Friday, March 17, 2006

White Collar Sentences Are Up

The hot topic in sentencing right now is the United States Sentencing Commission's post-Booker report.Professor Doug Berman's blog has been reporting on this document (see here). Unfortunately we can't give you the link, because as pointed out by Professor Berman, it is suddenly missing from the US Sentencing Commission's website and is no where to be found. (see here).  But assuming it reappears, here are some comments regarding the report and white collar crime.

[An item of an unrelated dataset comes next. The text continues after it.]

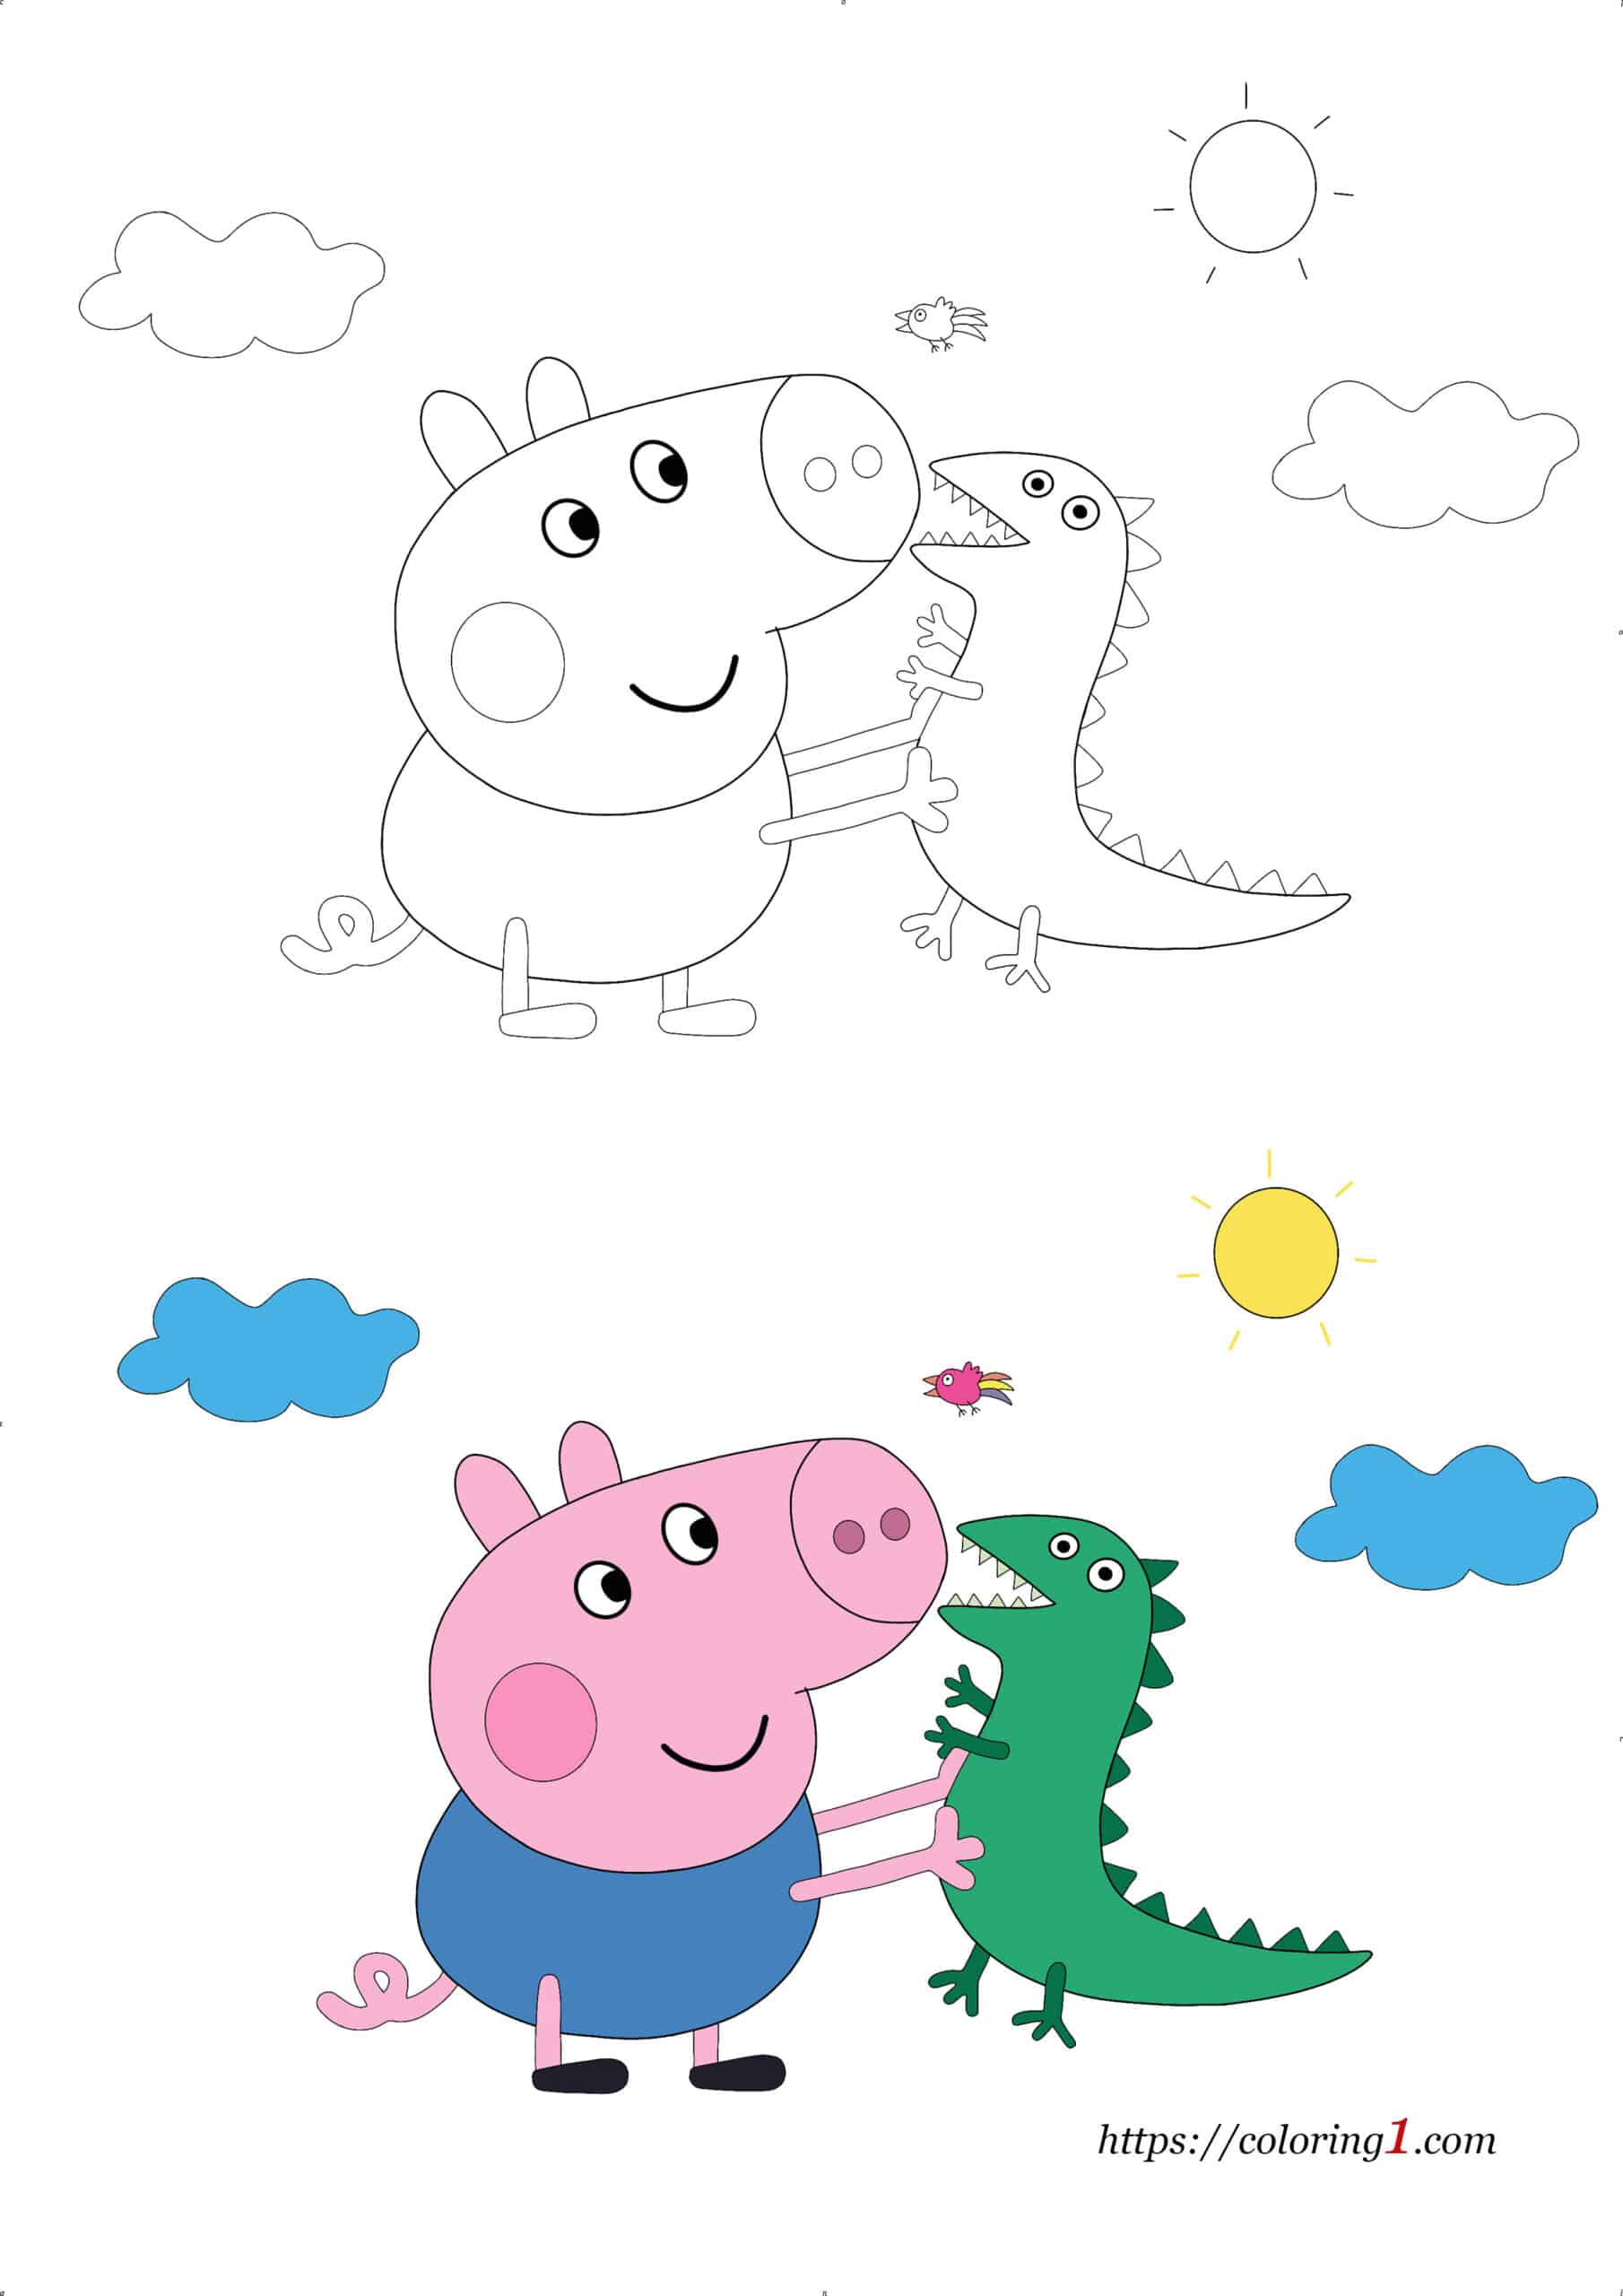 Coloriage Dessin Peppa Pig George avec Dinosaure

There is a good bit of data provided about the Theft & Fraud Guidelines (2B1.1) scattered throughout the document.  And I even found the words "white collar crime" mentioned on page 76 of the report, but what is included within the term is not mentioned. Was it limited to fraud/theft? Did it include antitrust?  Did it include mail fraud that served as predicate acts for RICO? 

Page 74 recaps some significant data related to the fraud/theft guidelines.  It states:

"There likely are two factors contributing to the increased rate of imprisonment for theft and fraud offenders.  First, statutory and guideline penalties increased for many fraud offense as a result of the Commission's Economic Crime Package of 2001, the 2002 Sarbanes-Oxley Act and other recent legislation.  The proportion of cases sentenced under USSG s 2B1.1 that are subject to the higher base offense level of level seven under the guideline increased from 0.7 percent post-PROTECT Act to 13.7 percent post-Booker.  Second, the government may be prosecuting more serious economic crimes.  The amount of economic loss involved in theft and fraud cases has increased.  The medium loss amounts for cases with loss amounts sufficient to trigger a sentence increase from the loss table in USSG 2B1.1 increased during the three time periods from $38,060 pre-PROTECT Act, to $41,595 post-PROTECT Act, to $54,566 post-Booker.  These median loss amounts depict a steady increase in offense severity.  Additionally, the victim table at USSG 2B1.1(b)(2) is being applied at a steadily increased rate.  The victim-related increases applied to 9.9 percent of USSG 2B1.1 cases pre-PROTECT Act, 13.9 percent of cases post-PROTECT Act, and 16.7 percent of cases post-Booker."

To me this kind of sounds like the inflation and increase in the housing market down in the St Pete, Florida area. And if it is nothing more than inflation, shouldn't there be adjustments to the loss?  And what about the loss in some areas being higher than other areas ?  Did someone say the purpose of the sentencing guidelines was to achieve uniformity in sentencing? The bottom line - sentences are up.  So for all who were afraid that giving the judiciary some discretion would result in lower sentences, you better be looking for a new song to sing.